Illogically, moreover, most of the criteria offered by the bill for determining whether an award for basic research is in the national interest are not applicable to basic research at all—they relate to whether the research will increase economic competitiveness, increase health and welfare, strengthen the national defense, and so on, and, thus, they are applicable only to applied research. Is it possible that the drafters do not understand that basic research entails the pursuit of scientific understanding without anticipating any particular benefit?
History has shown, of course, that basic research often leads to results with immensely beneficial consequences for specific aspects of societal well-being, but it is precisely the character of such research that these cannot be predicted and offered as an a priori justification for doing the research. Who would have initially predicted, for example, that genomic studies of nematode worms would lead to the discovery of genes that control cell death and, in turn, to new treatment possibilities for cancer and Alzheimer’s Disease? Or that the quest to understand atomic physics would lead to the development of the atomic clocks that now enable the highly precise Global Positioning System (GPS) on which so many Americans rely?

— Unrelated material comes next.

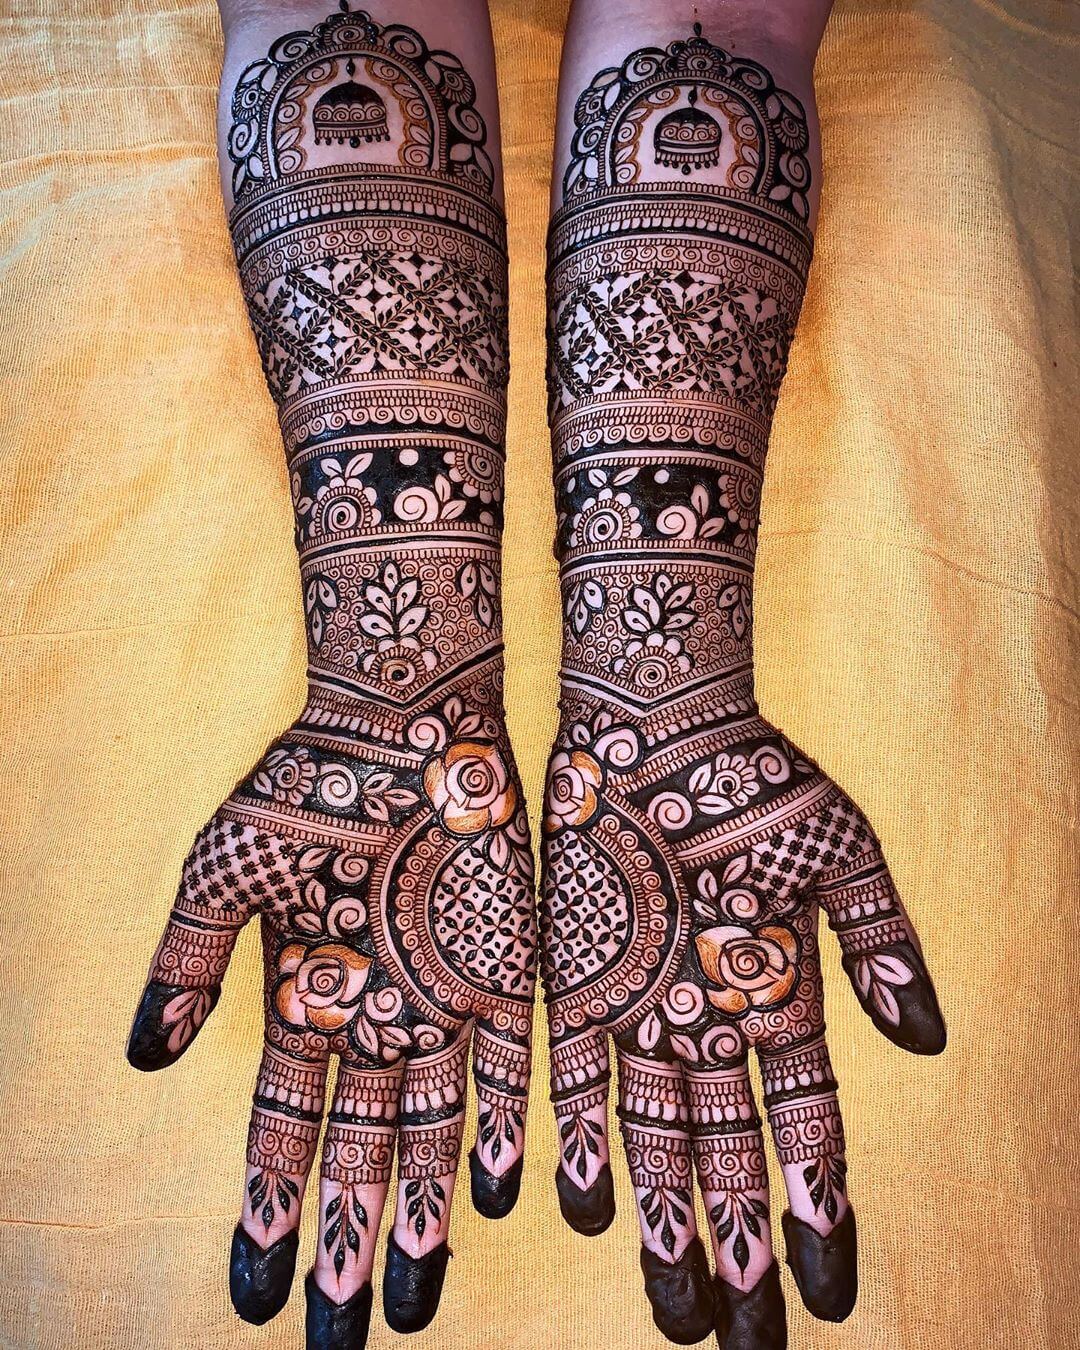 Intricate designs to adorn the bride's hands with.
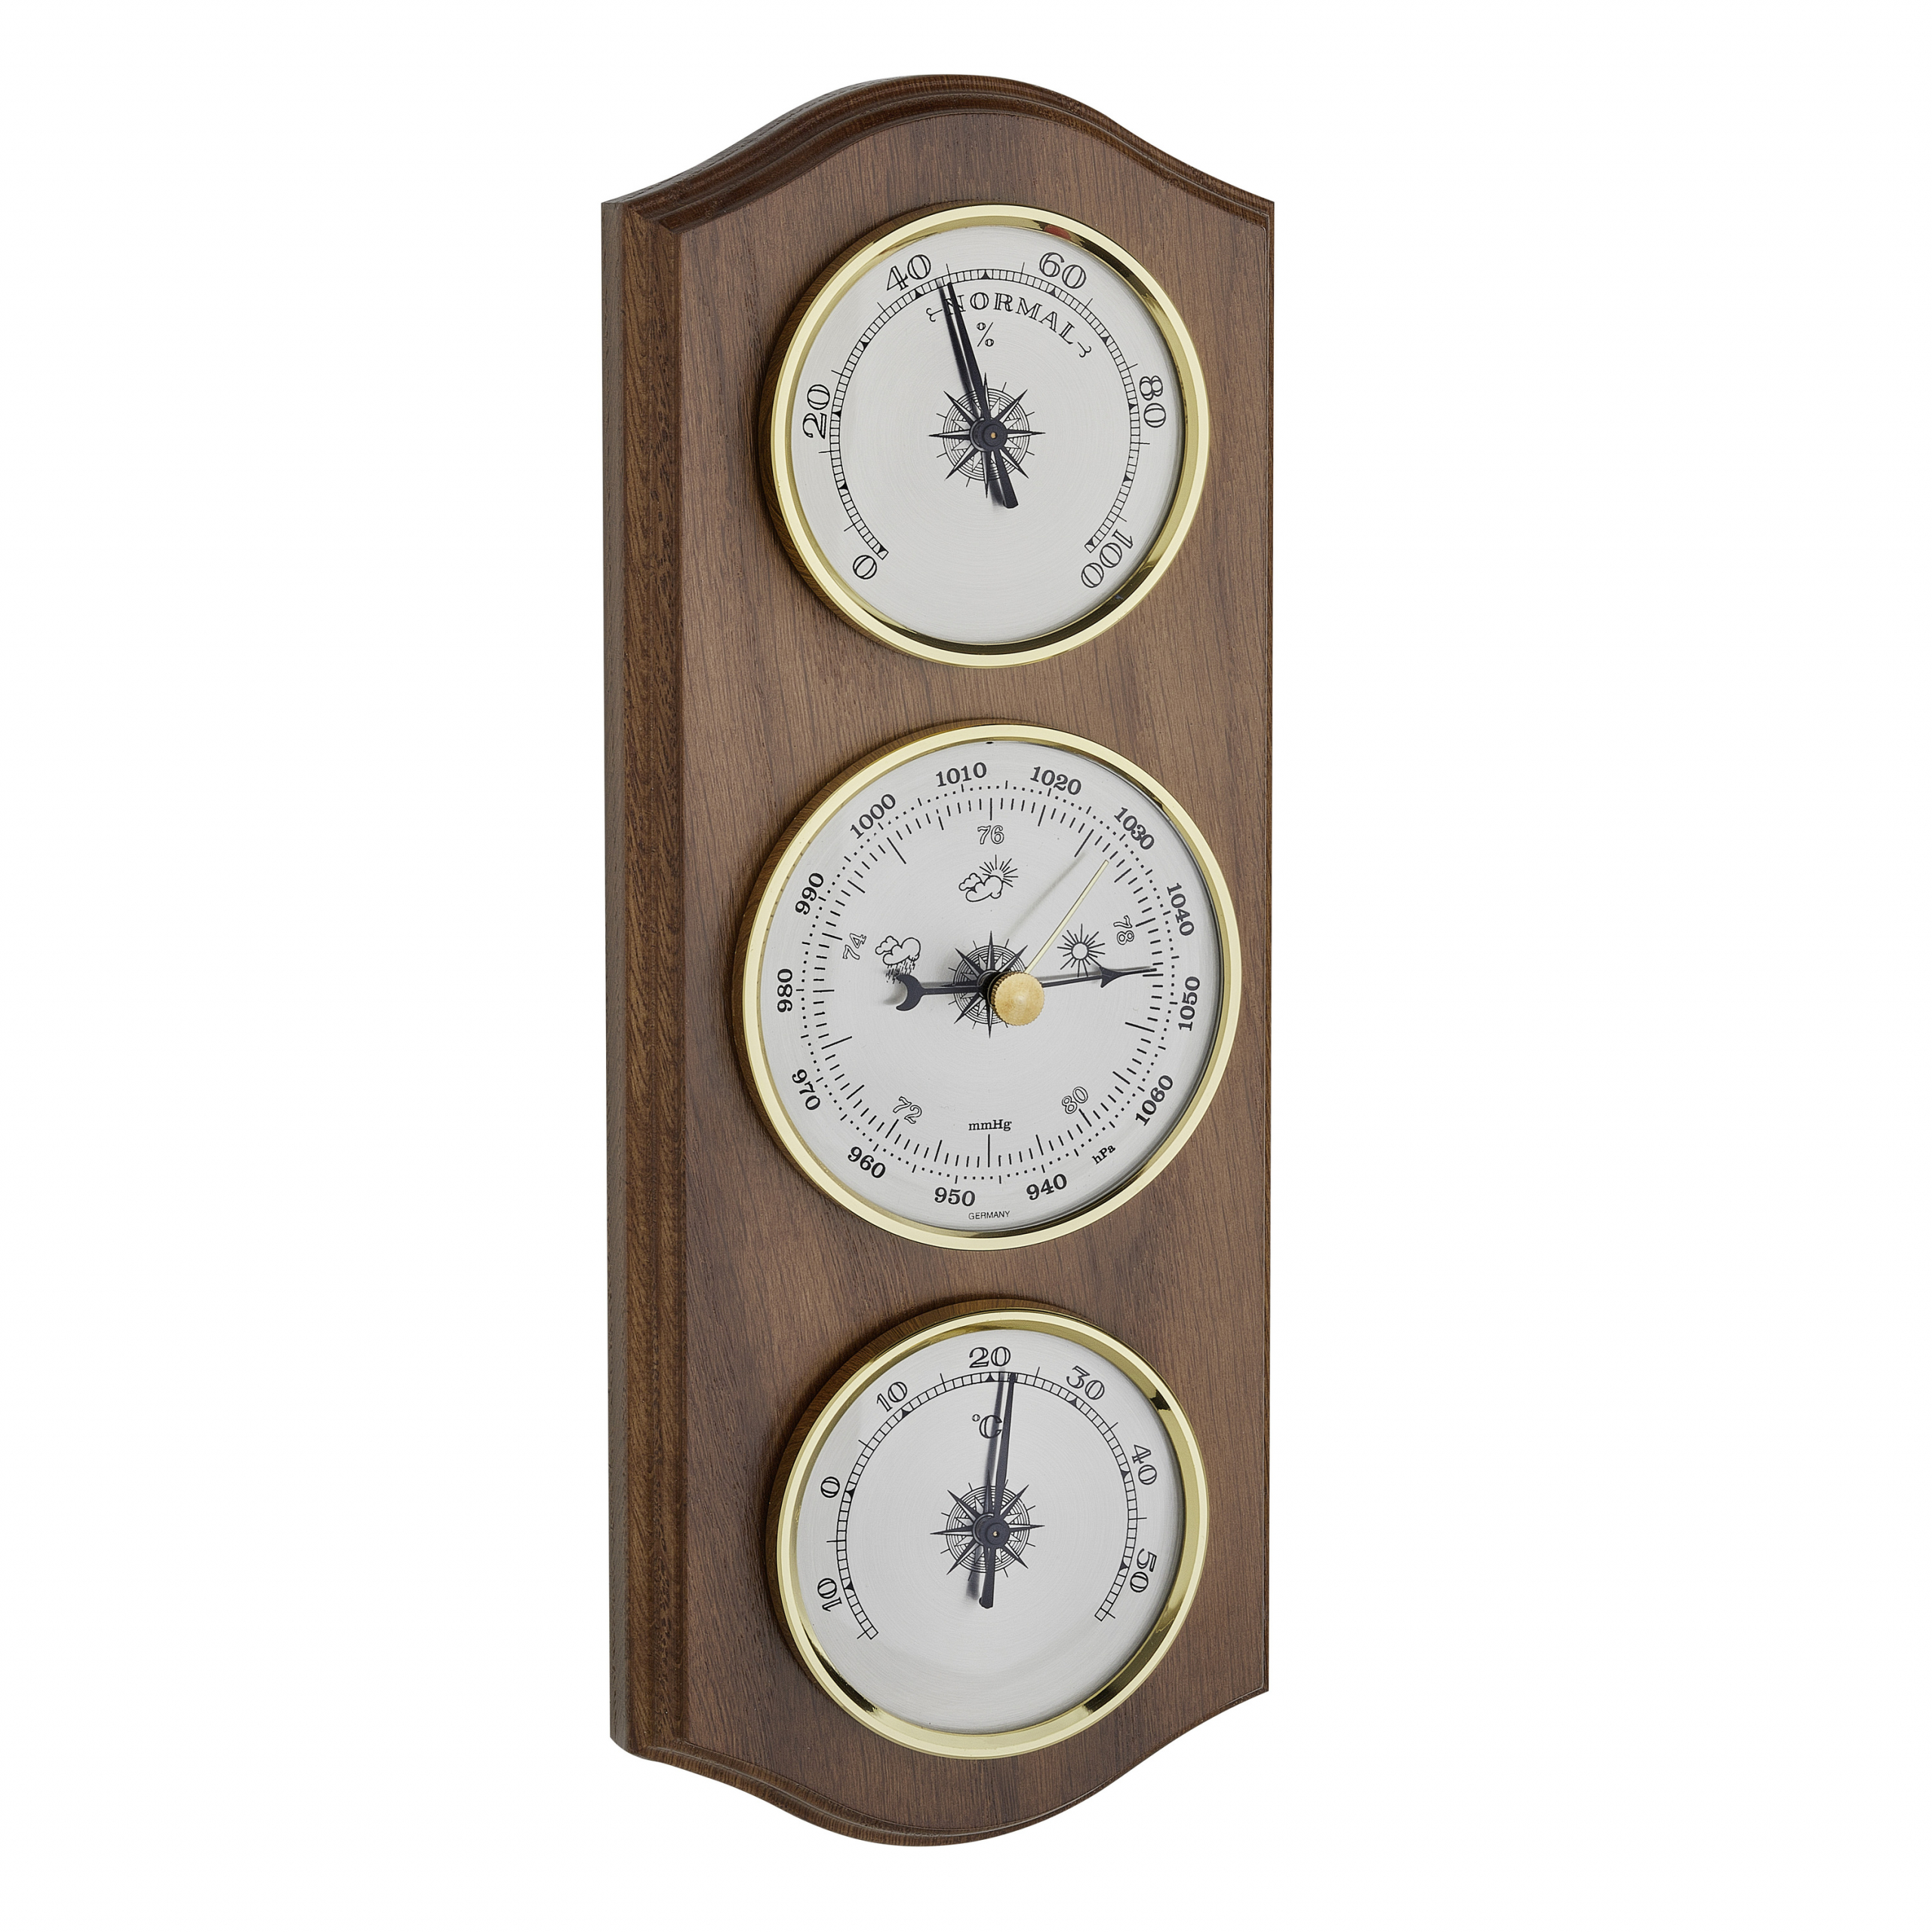 Analogue weather station made of solid wood

By muddling the distinction between research aimed solely at promoting the advance of science, on the one hand, and applied research carried out with immediate practical benefits for societal well-being as the aim, on the other, H.R. 3293 would create doubt at NSF and in the research community about Congress’s real intent in calling into question the adequacy of NSF’s gold-standard merit-review process, for applied as well as for basic research. This could not only have a chilling effect on the total amount of basic research that scientists propose and that NSF chooses to fund, but it would also be likely to reduce the amount of high-risk/high-return research proposed and funded in both the basic and applied domains.
There is simply no good reason to place at risk, with this bill’s attempt to fix what is not broken, the NSF’s crucial role in maintaining this Nation’s leadership in science, technology, and innovation alike. That is why the Administration has issued a threat to veto H.R. 3293 should it reach the President’s desk.
Dr. John P. Holdren is Assistant to the President for Science and Technology and Director of the White House Office of Science and Technology Policy.